The mouse is useful for applications that require users to select from a list of options or move objects around on the screen.
To use these routines, you must ensure that your system knows that you have a mouse attached.
You must hide the mouse during the execution of any ANSI ACCEPT or DISPLAY statement that operates on the area of the screen where the mouse pointer is located.
The attributes referred to in the descriptions of routines are screen attributes, not user attributes. The top left-hand corner of the screen is row 0, column 0.
Whenever the mouse is moved or a button on the mouse is pressed or released, the mouse hardware causes an interrupt. The mouse device driver takes control and, depending on a mask you have set, either saves it in a queue or ignores it. This prevents events being lost if a subsequent interrupt occurs before the application has read the event. With the mouse routines, you can read the event queue and determine how many events are in the queue.

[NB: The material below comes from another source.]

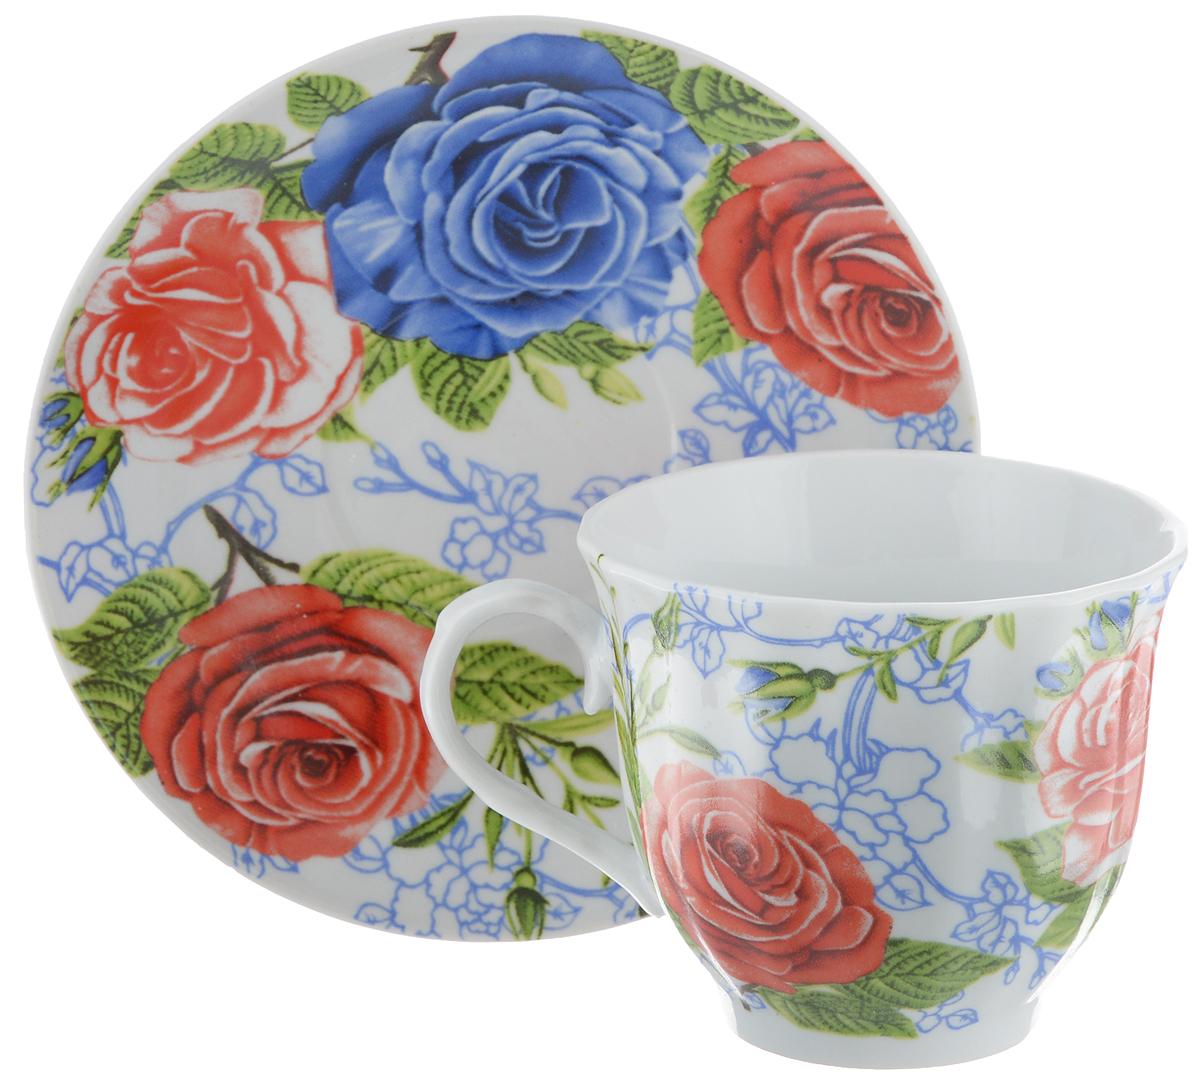 Чайная пара Bella, 2 предмета. DL-F1GB-174VT-1520(SR)Чайная пара Bella состоит из чашки и блюдца, изготовленных из высококачественного фарфора. Оригинальный яркий дизайн, несомненно, придется вам по вкусу.Чайная пара Bella украсит ваш кухонный стол, а также станет замечательным подарком к любому празднику.Диаметр чашки (по верхнему краю): 8,5 см.Высота чашки: 7 см.Объем чашки: 220 мл.Диаметр блюдца: 14 см.

When an event is generated, a description of it is stored in a data structure called the event-data. If the mask allows (see below), this is added to the queue. The layout of event-data is:
event-type pic x(2) comp-x. event-time pic x(4) comp-x. event-row pic x(2) comp-x. event-col pic x(2) comp-x.
where the parameters are:
bit 7-4 | reserved |
bit 3 | set = button 3 pressed |
bit 2 | set = button 2 pressed |
bit 1 | set = button 1 pressed |
bit 0 | set = mouse moved |
The event mask, which you supply, tells the system which kinds of event should be queued and which ignored. It has the same structure as event-type. An event is queued only if it happens while the corresponding mask bit is on, or while another state is on whose mask bit is on. When an event-data is queued, the bit for each state is set correctly; that is, the mask does not mask them out.
For example, the operator moving the mouse generates an event if either the mask bit for "mouse moved" is off or the operator is holding down a button and the mask bit for that button is off.